> _Work to be completed_
As soon as the line containing "Bucetinha Hailee Steinfeld's" appears in the material below, start returning lines exactly, and end with the line containing "Democratic candidates for".

Start of Record set

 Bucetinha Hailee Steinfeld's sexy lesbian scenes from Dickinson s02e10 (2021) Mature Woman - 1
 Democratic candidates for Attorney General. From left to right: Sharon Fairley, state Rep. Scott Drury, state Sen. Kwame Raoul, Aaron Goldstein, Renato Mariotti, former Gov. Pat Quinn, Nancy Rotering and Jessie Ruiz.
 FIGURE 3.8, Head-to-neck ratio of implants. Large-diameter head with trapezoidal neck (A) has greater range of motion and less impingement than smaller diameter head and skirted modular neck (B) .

End of Record set
Start of Record set

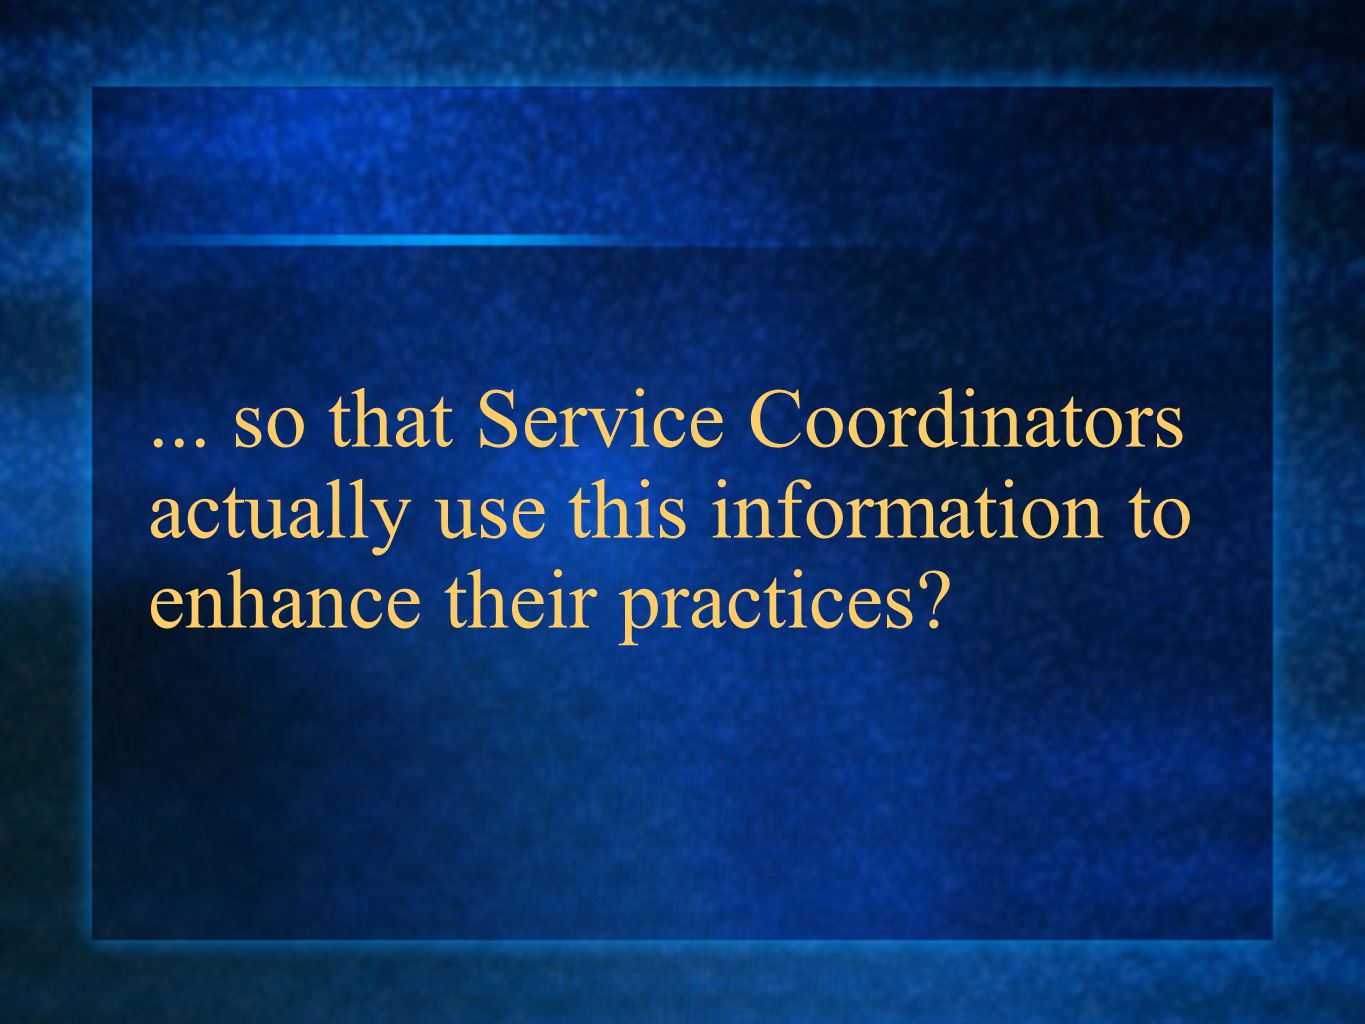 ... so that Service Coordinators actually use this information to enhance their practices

End of Record set

> _Your solution_
 Bucetinha Hailee Steinfeld's sexy lesbian scenes from Dickinson s02e10 (2021) Mature Woman - 1
 Democratic candidates for Attorney General. From left to right: Sharon Fairley, state Rep. Scott Drury, state Sen. Kwame Raoul, Aaron Goldstein, Renato Mariotti, former Gov. Pat Quinn, Nancy Rotering and Jessie Ruiz.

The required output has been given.